Die verteilten sich auf die Sofas und Sessel. María sah sich um.
„Wo ist denn Kyle?", fragte sie.
Alex seufzte. „Er ist vor ca. zwei Stunden hier reingekommen und hat sich im Schlafzimmer eingeschlossen. Irgendwann hab ich ihn dazu gebracht, aufzusperren und mich reinzulassen. Er sagte, Leandra hätte ihn verlassen, weil sie der Meinung wäre, sie beide passten nicht zusammen. Er ist völlig am Boden. Dann habt ihr geklopft, und als ich aufmachte, hat er sich wieder eingeschlossen."

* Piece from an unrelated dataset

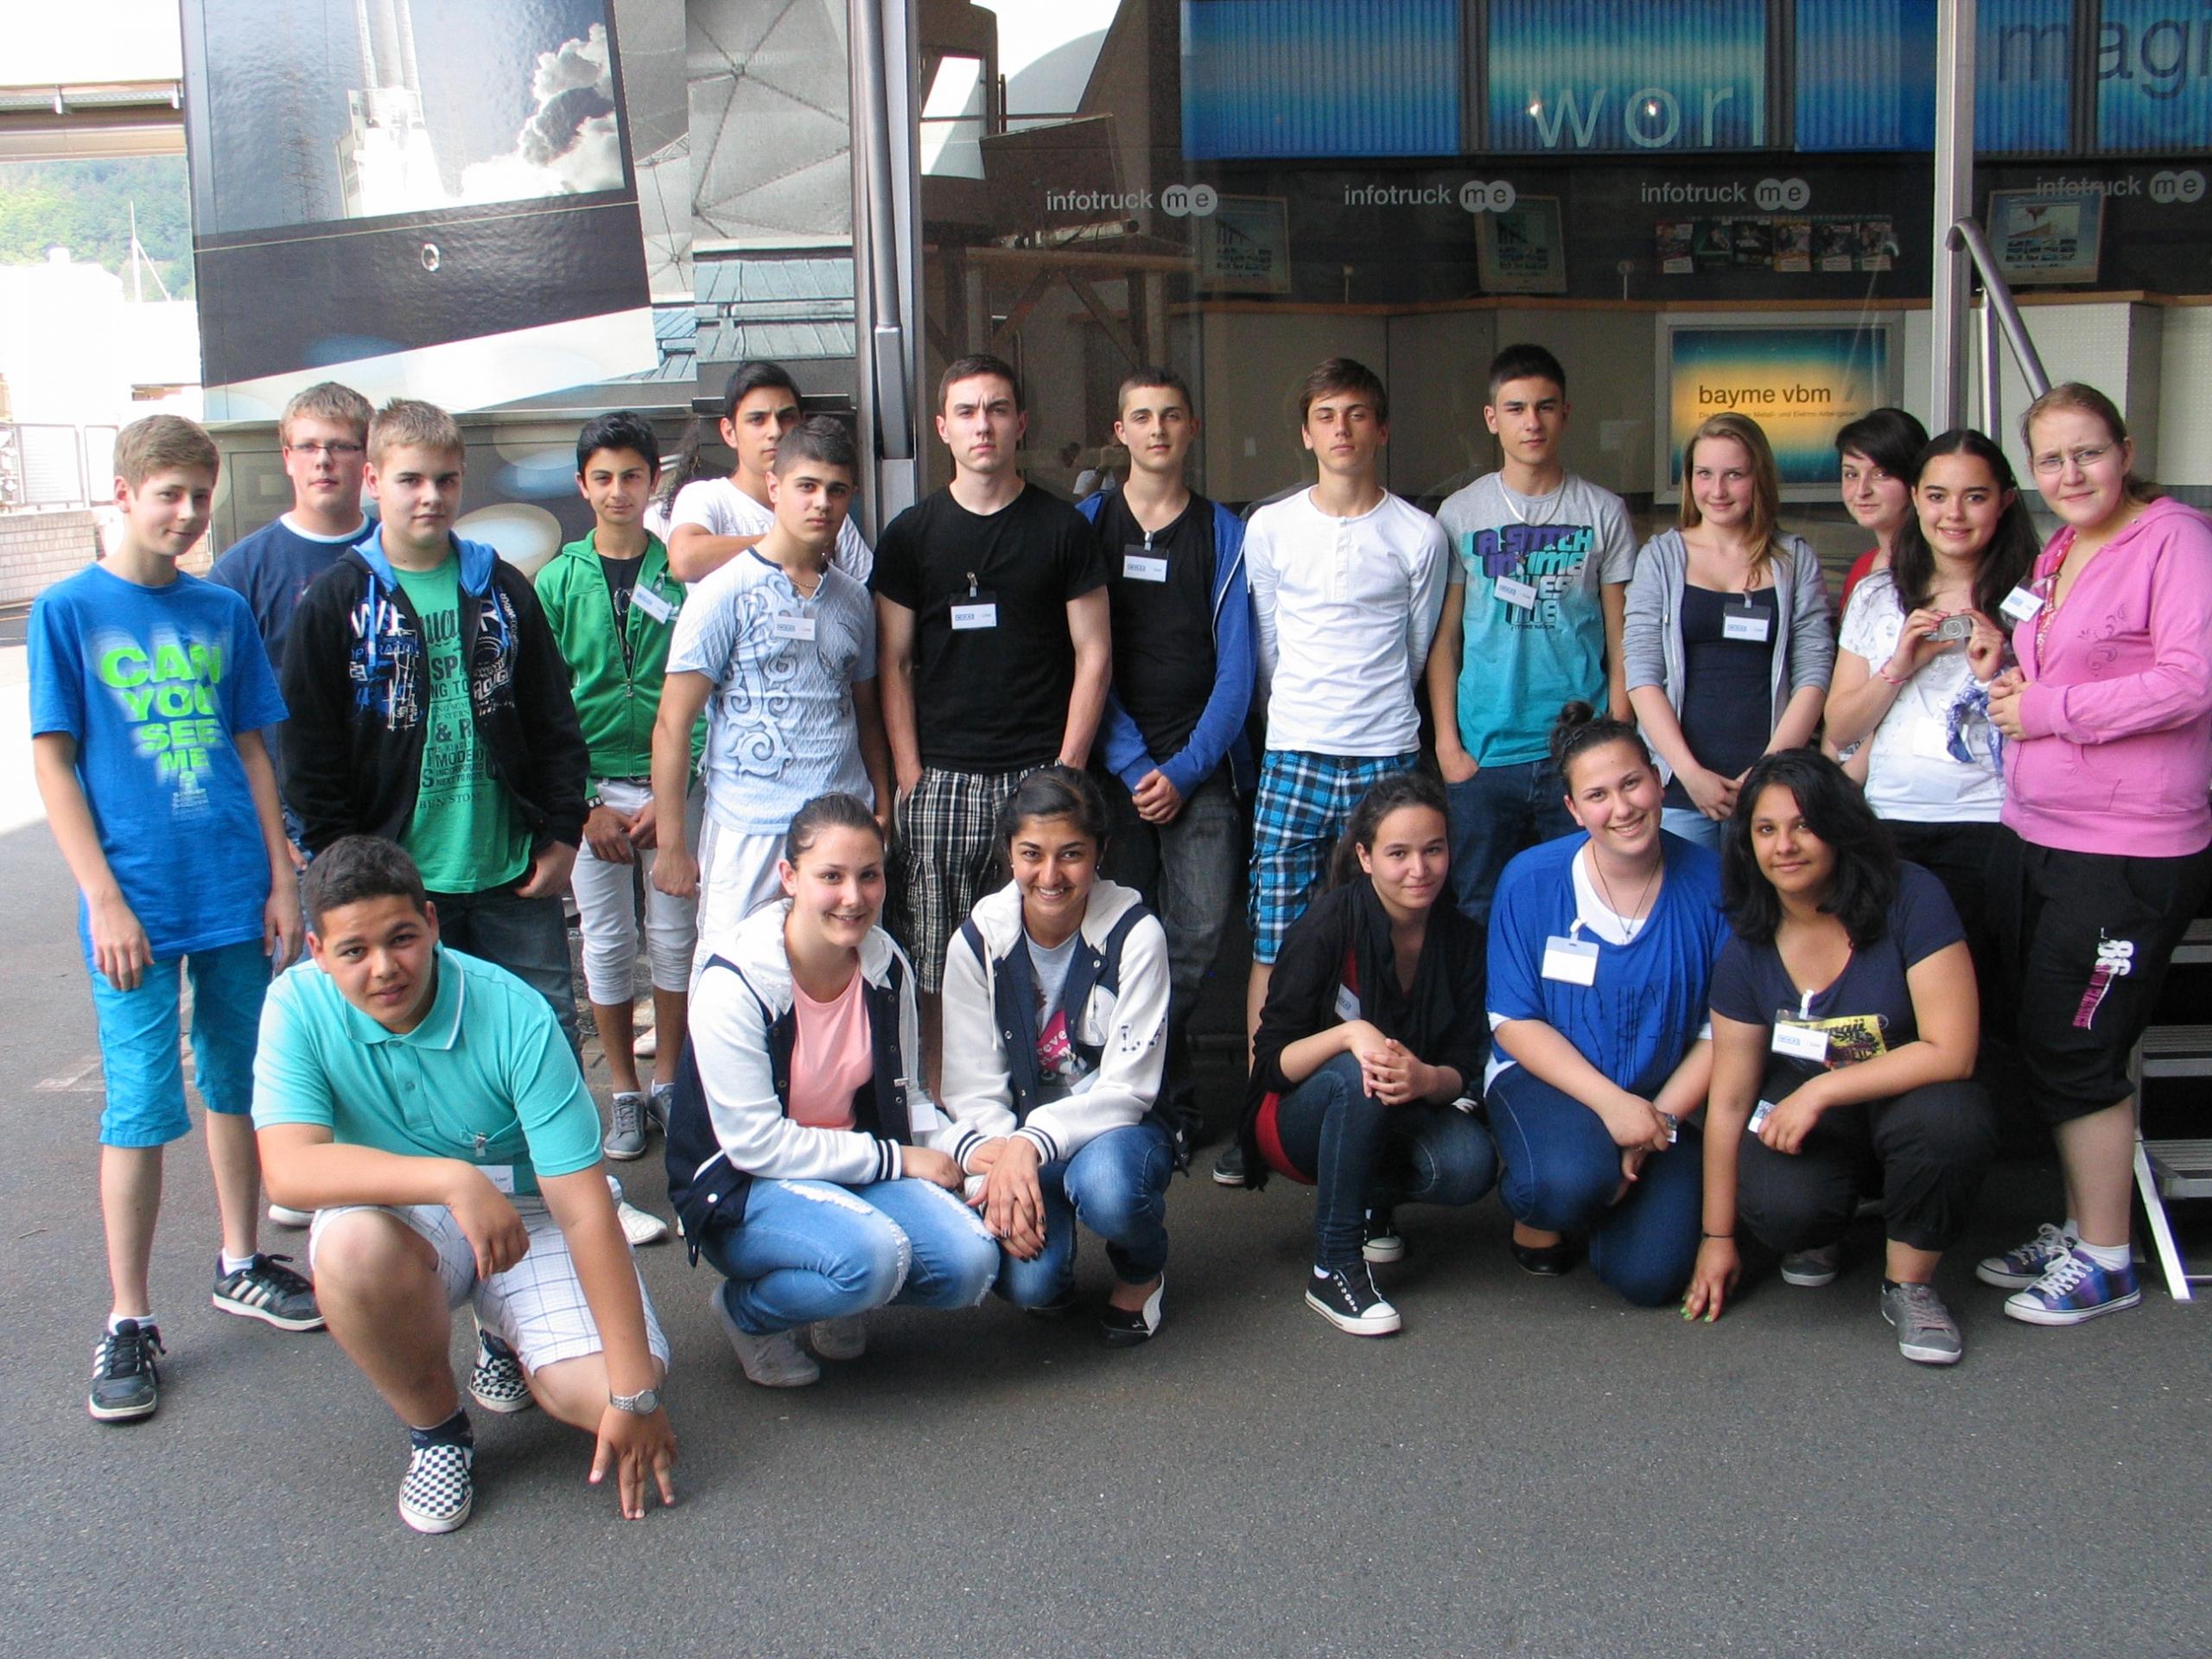 volksschule_klingenberg_1-scaled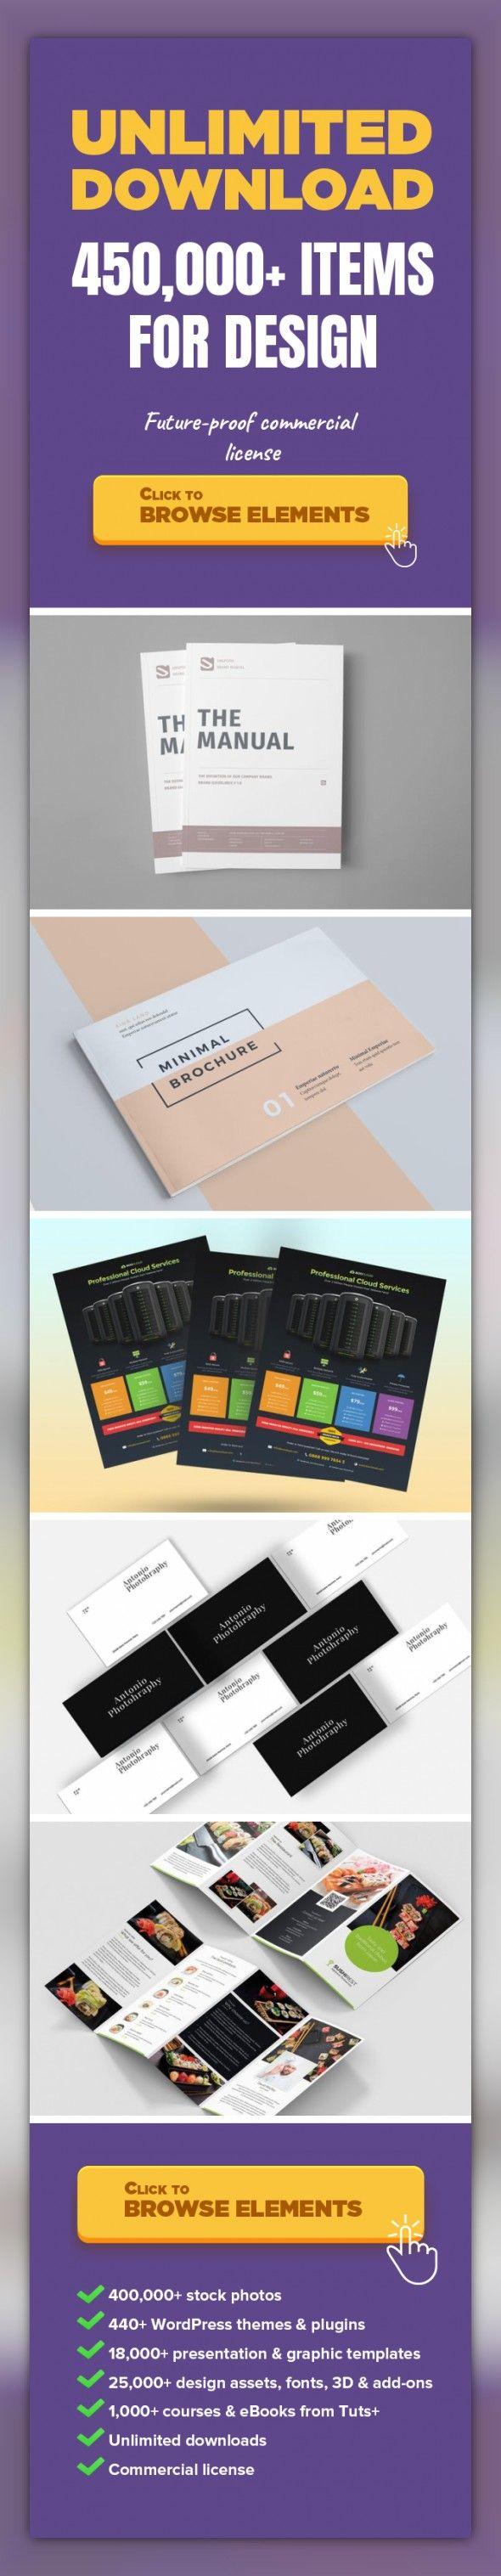 Brand Manual Graphic Templates Print Templates Brand Manual

María rutschte unruhig auf dem Sofa herum.
„Das tut mir leid!", sagte Liz aufrichtig und wahrheitsgemäß.
Alex nickte. „Tja, jetzt sind wir komplett: Alle haben Liebeskummer!"
Stille
breitete sich über dem Raum aus. Alle hingen ihren Gedanken an ihre Liebsten
nach.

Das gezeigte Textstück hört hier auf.